DATA SECTION:

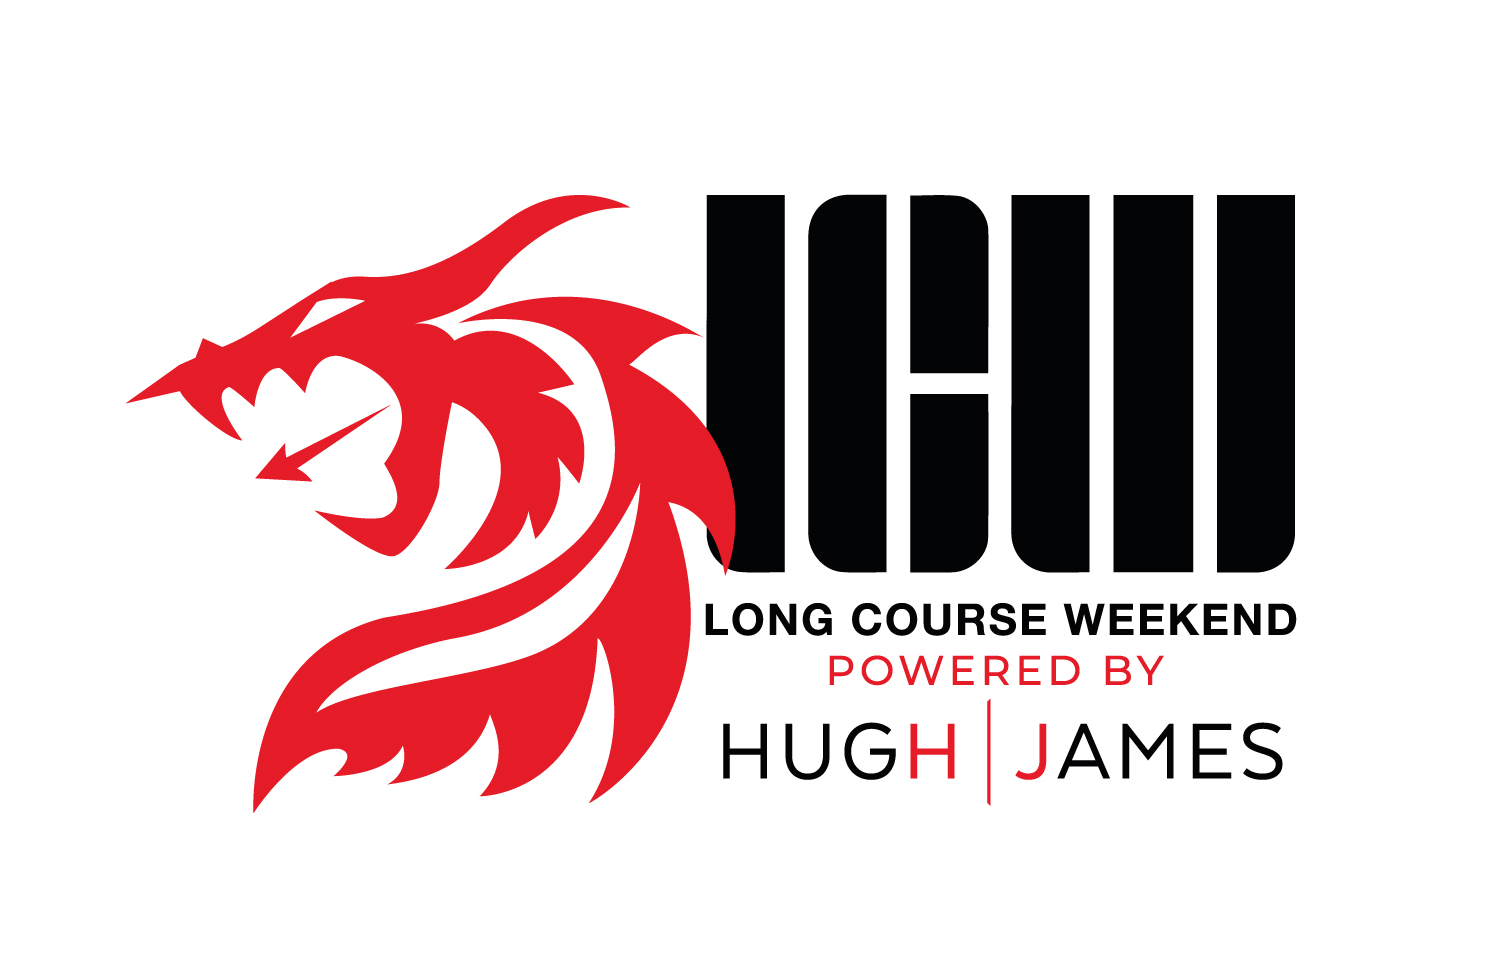 Long Course Weekend powered by Hugh James
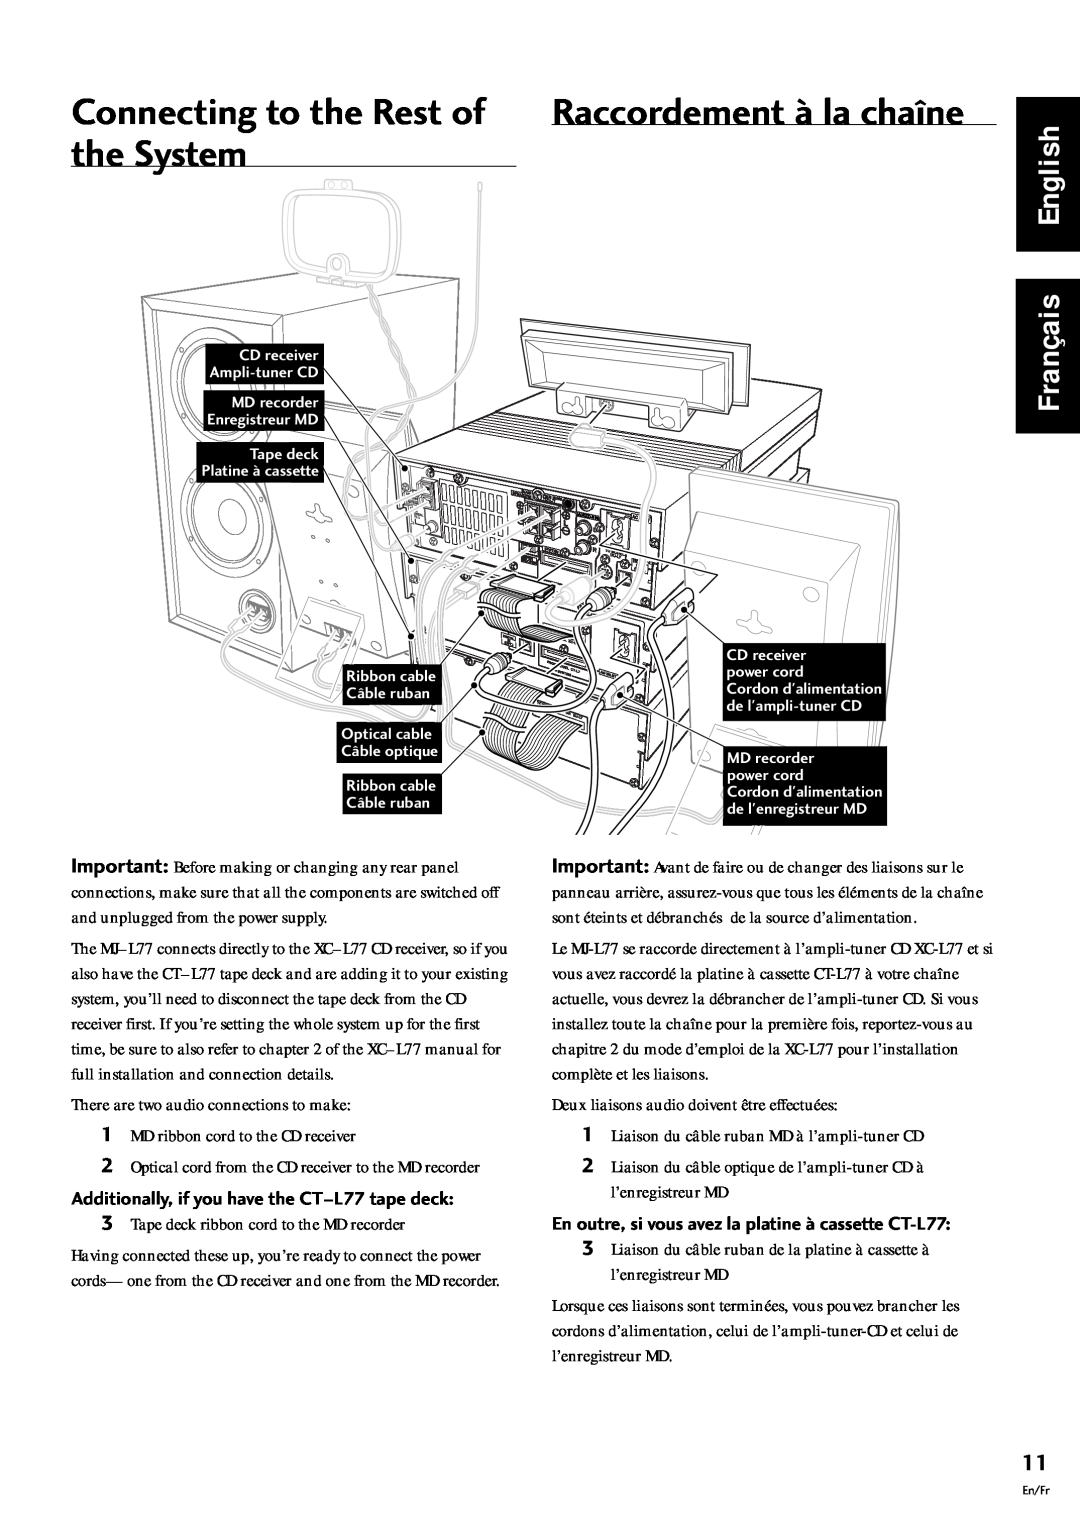 Pioneer MJ-L77 operating instructions the System, Connecting to the Rest of, Raccordement ˆ la cha”ne, Français English 
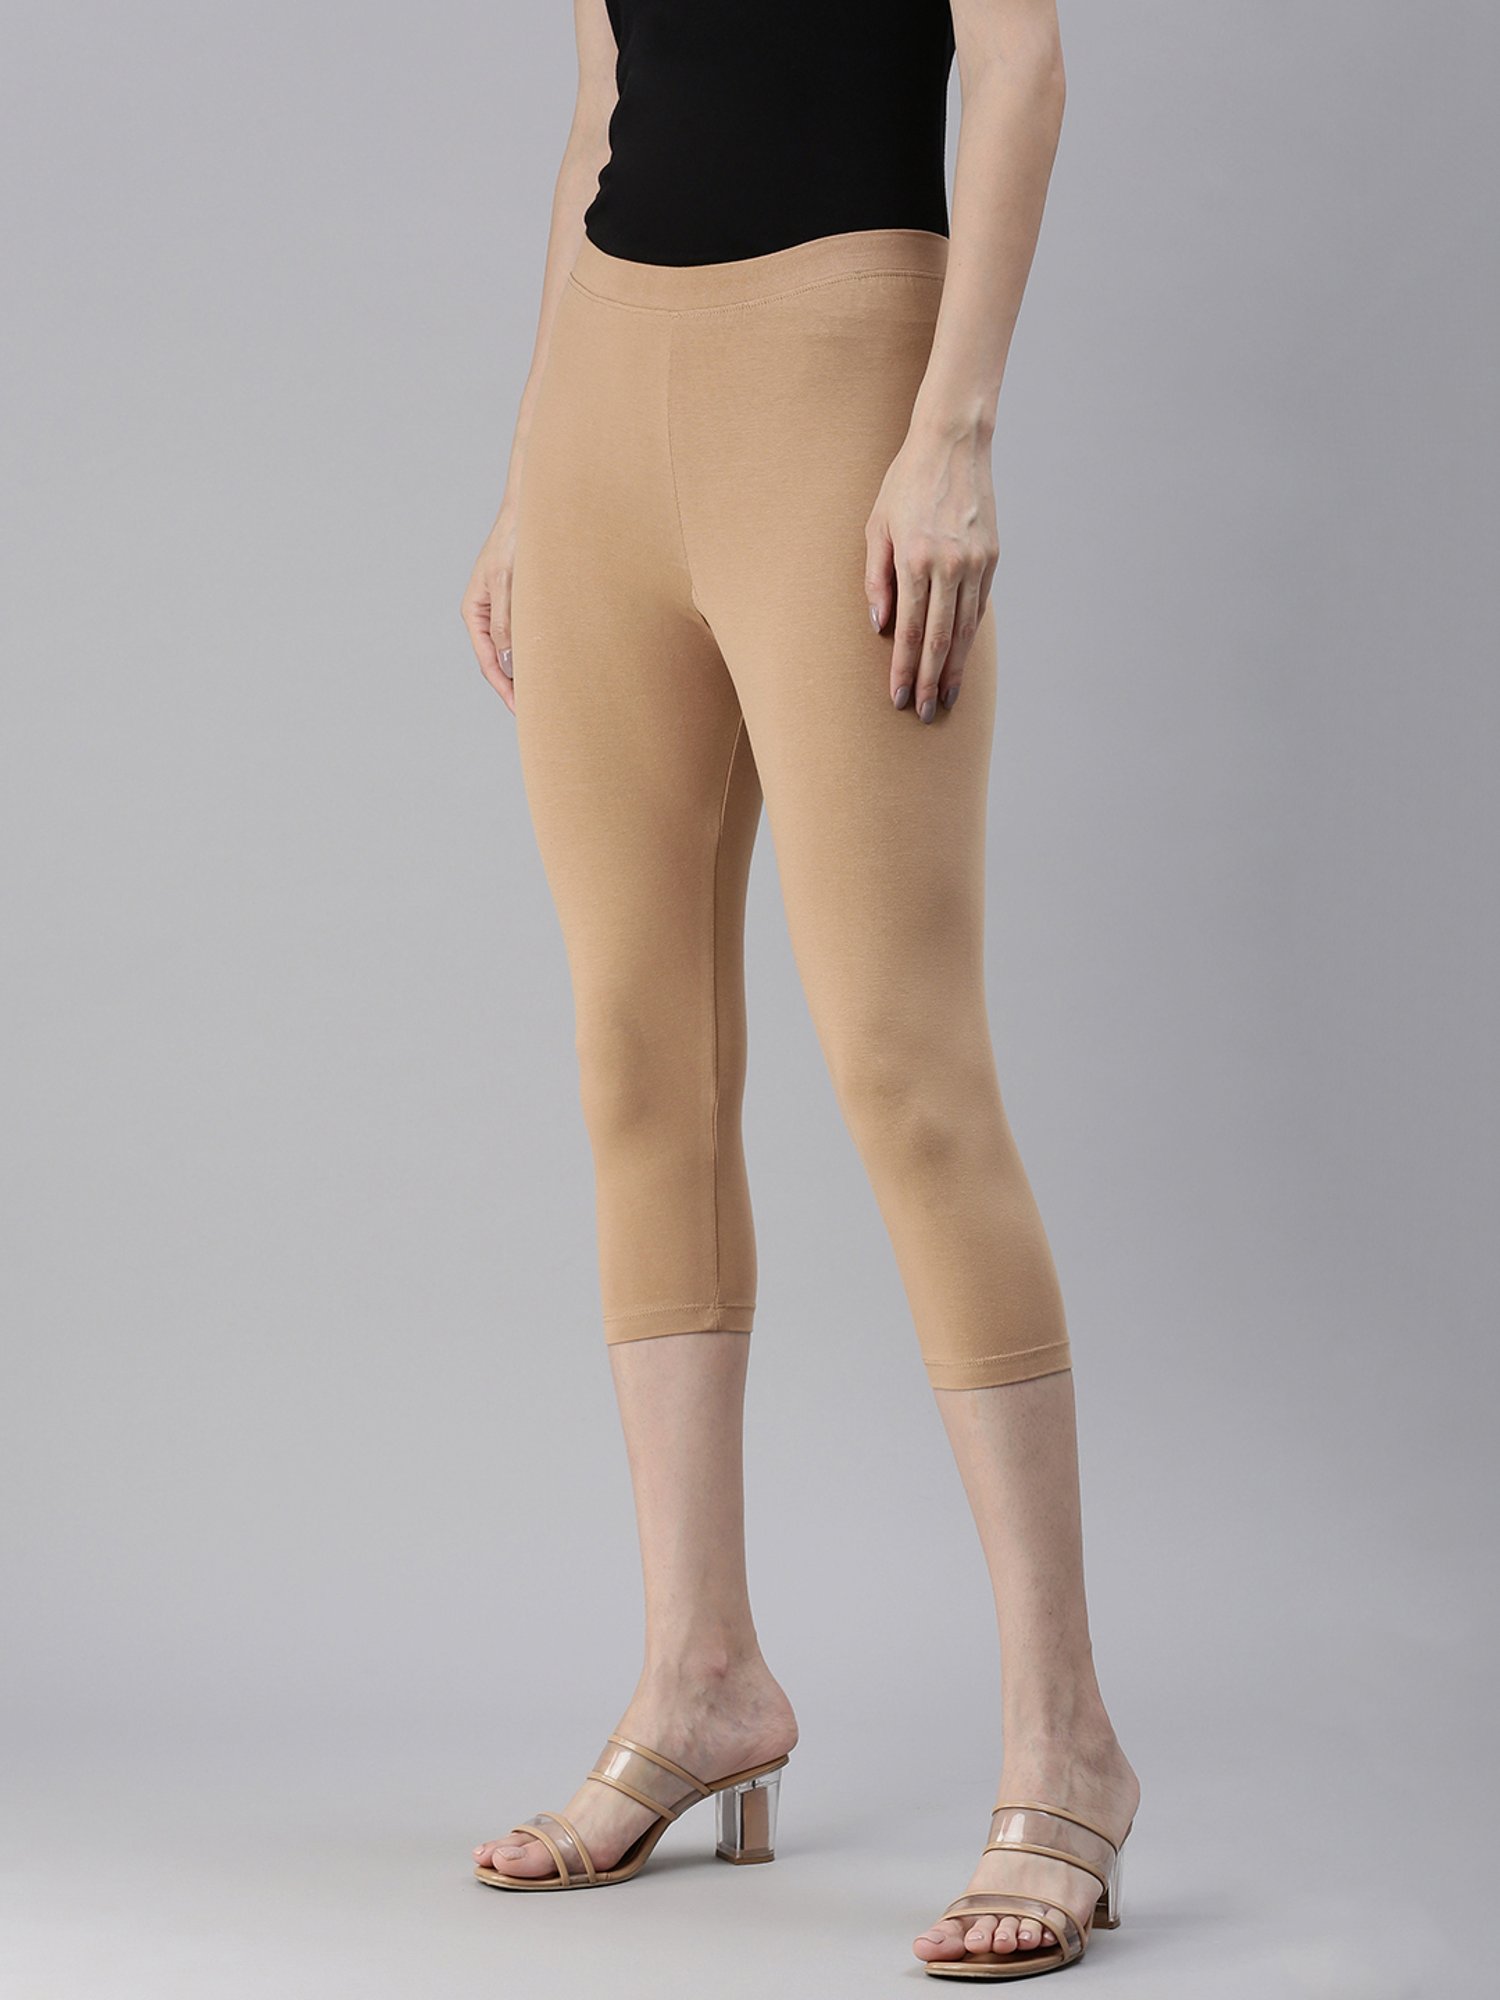 Buy GO COLORS Wheat Womens Solid Leggings | Shoppers Stop

ACTIVITY: Restate verbatim the lines that begin at the one holding "Pioneer MJ-L77 operating" and end at the last line of the material. Exclude pictures.

ANSWER FOR THE TASK:
 Pioneer MJ-L77 operating instructions the System, Connecting to the Rest of, Raccordement ˆ la cha”ne, Français English 
 Buy GO COLORS Wheat Womens Solid Leggings | Shoppers Stop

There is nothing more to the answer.